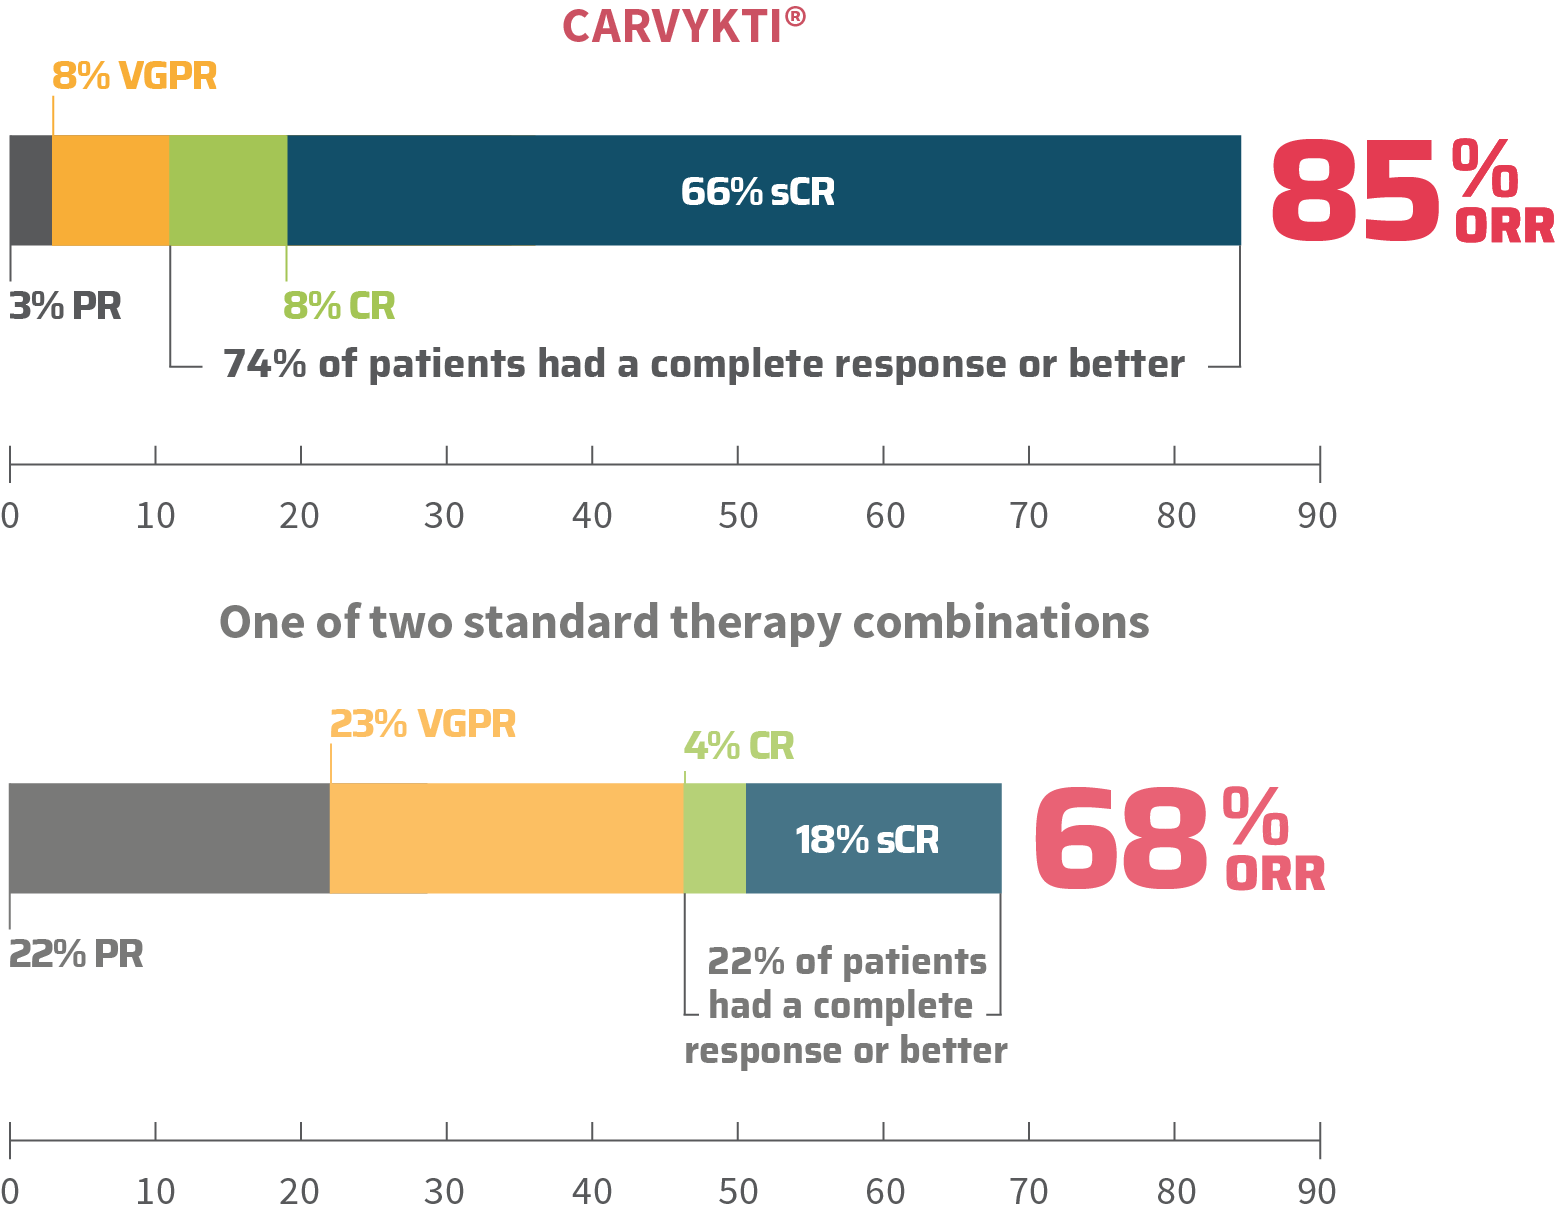 Chart showing CARVYKTI® 85% ORR versus 67% of one of two standard therapy combinations
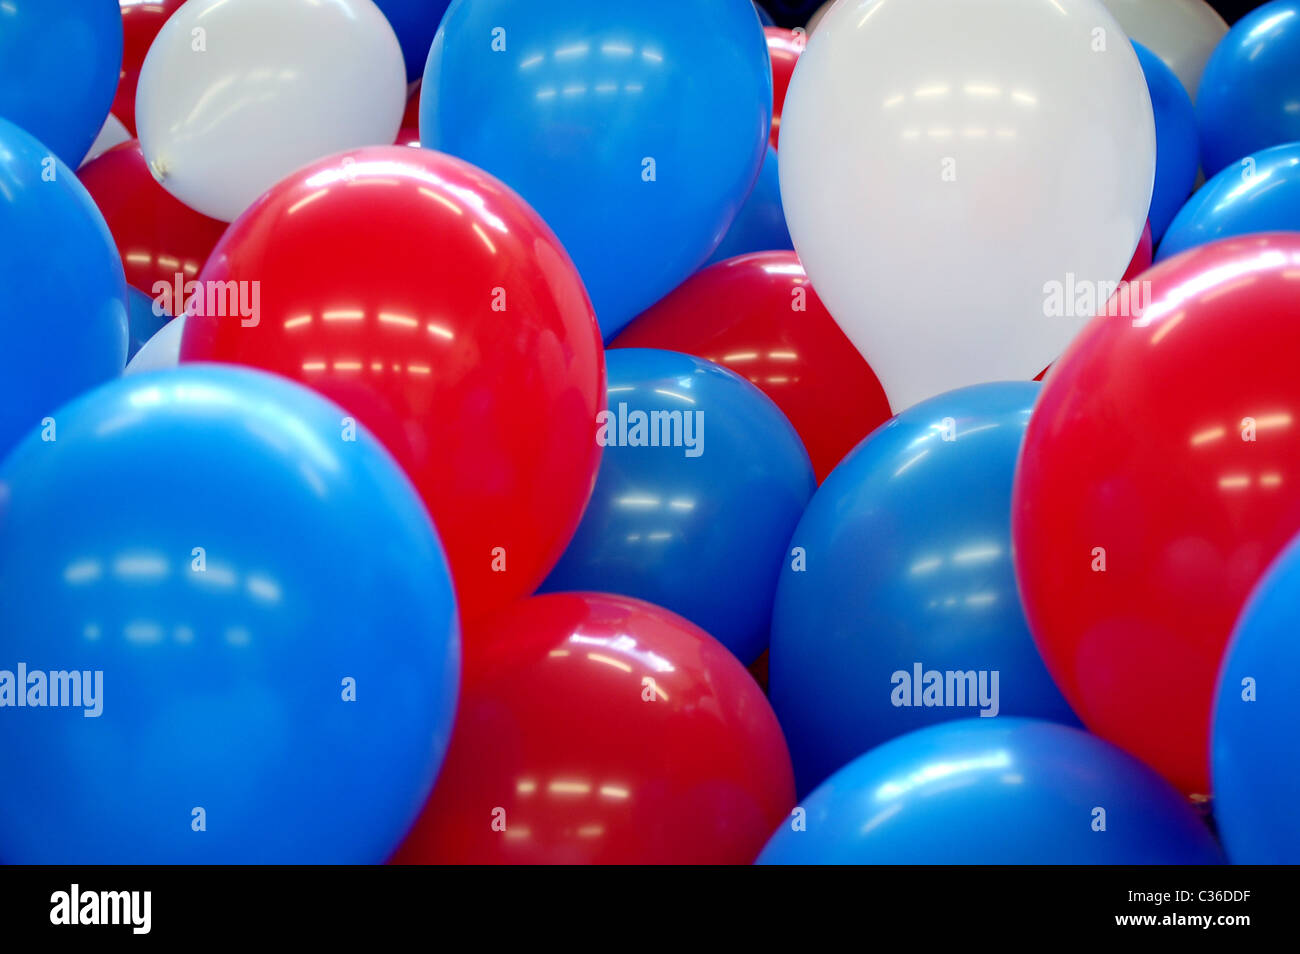 Red, white and blue balloons Stock Photo
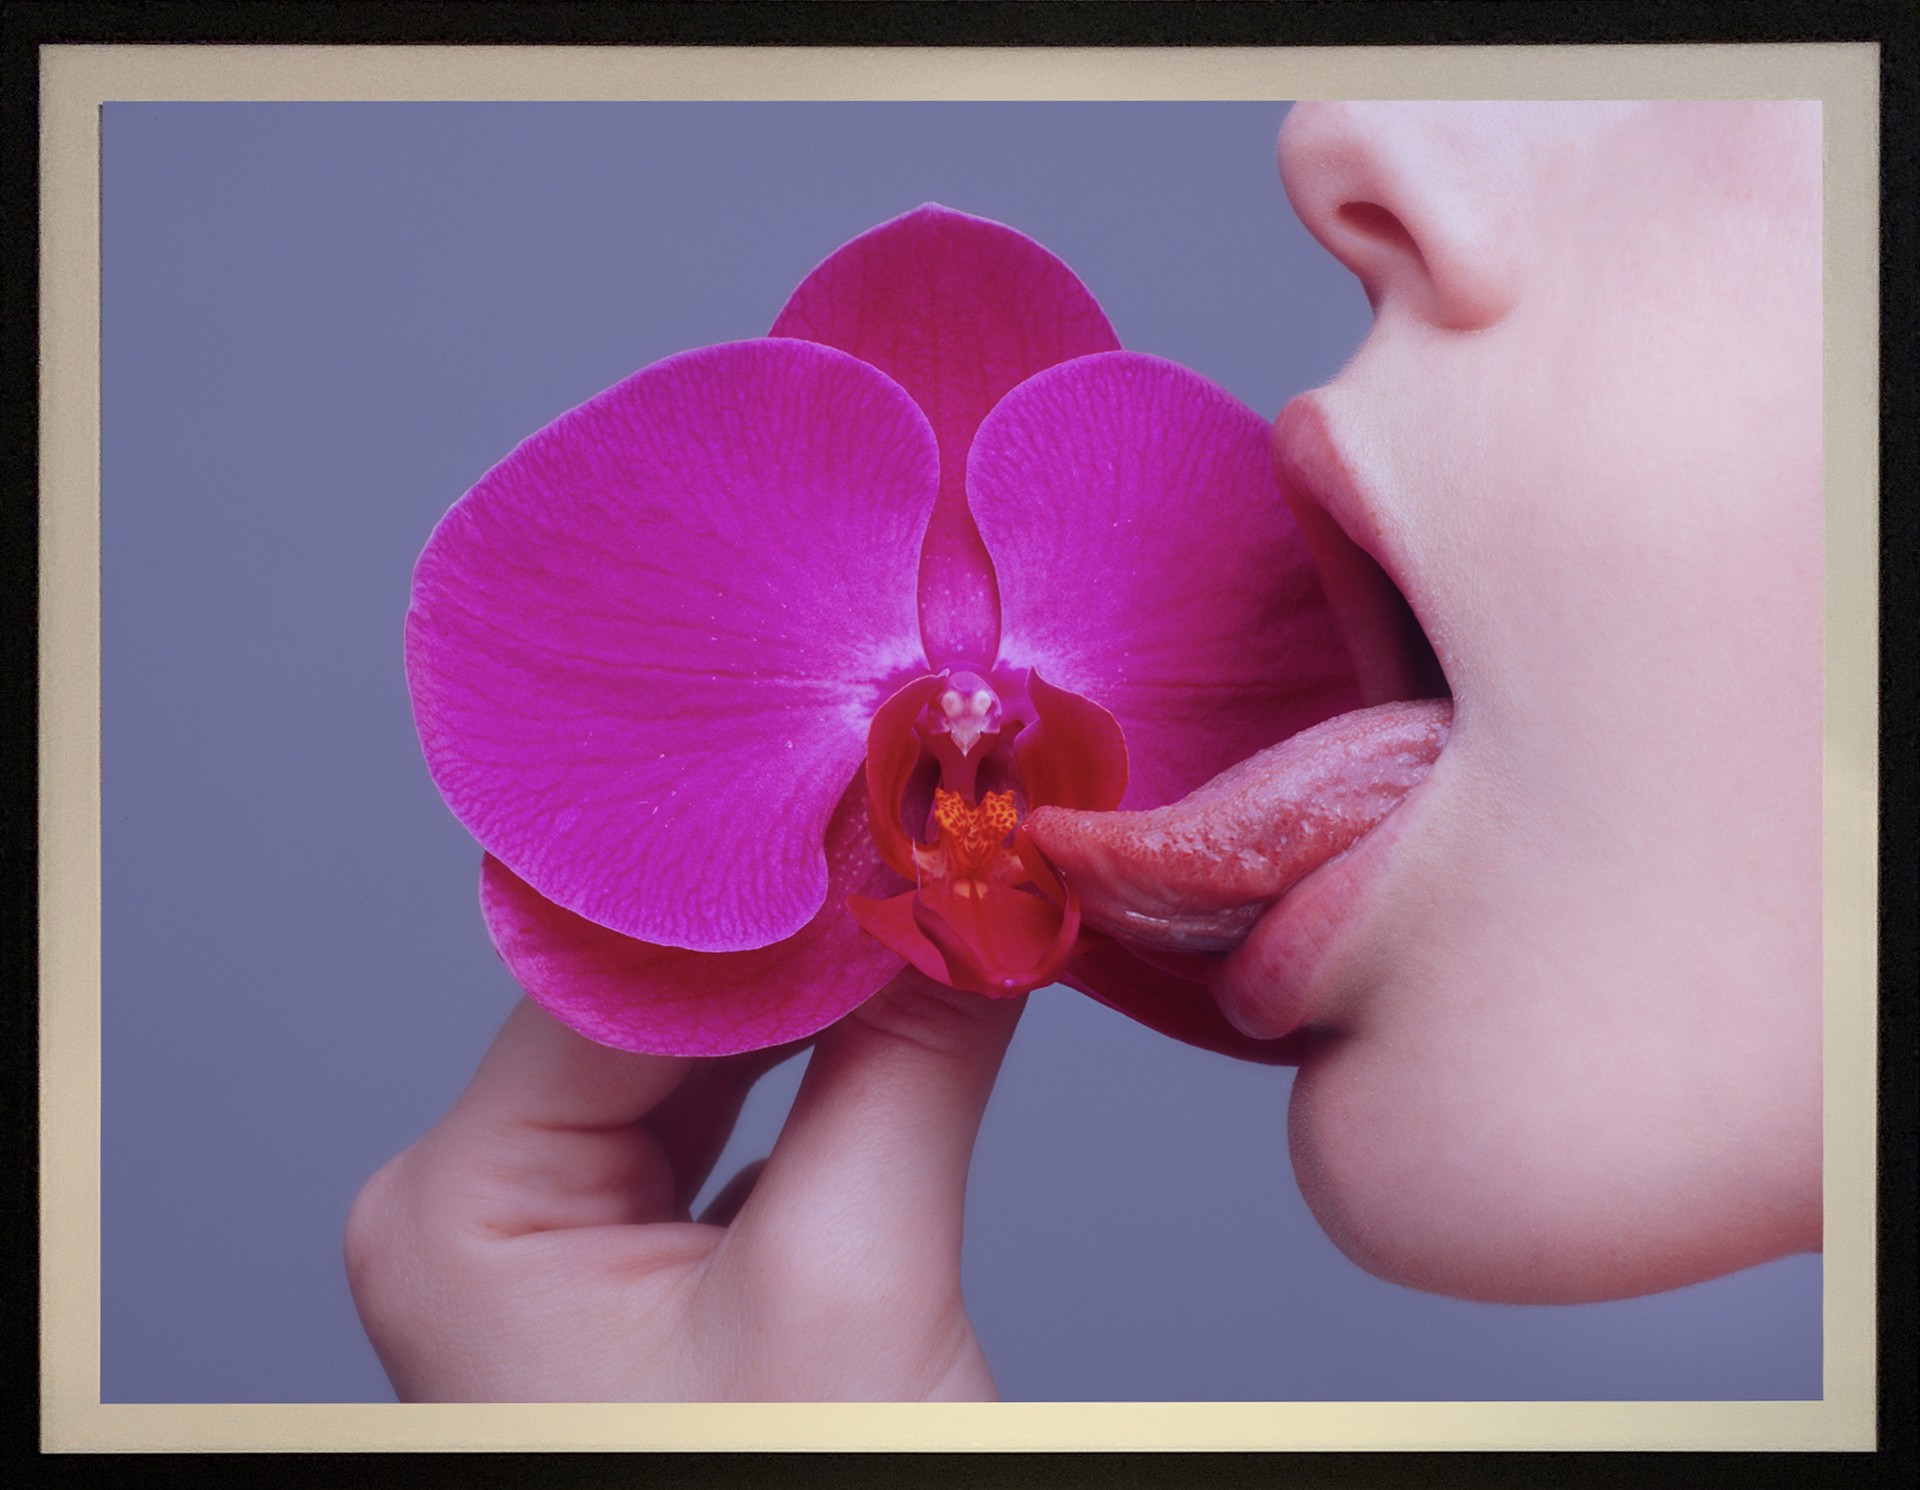 Orchid by Tyler Shields

**TASK TO CARRY OUT**
Write every line of the data out again exactly, leaving out all images.

**RESULT BELOW**
 Chart showing CARVYKTI® 85% ORR versus 67% of one of two standard therapy combinations
 Red, white and blue balloons Stock Photo
 Orchid by Tyler Shields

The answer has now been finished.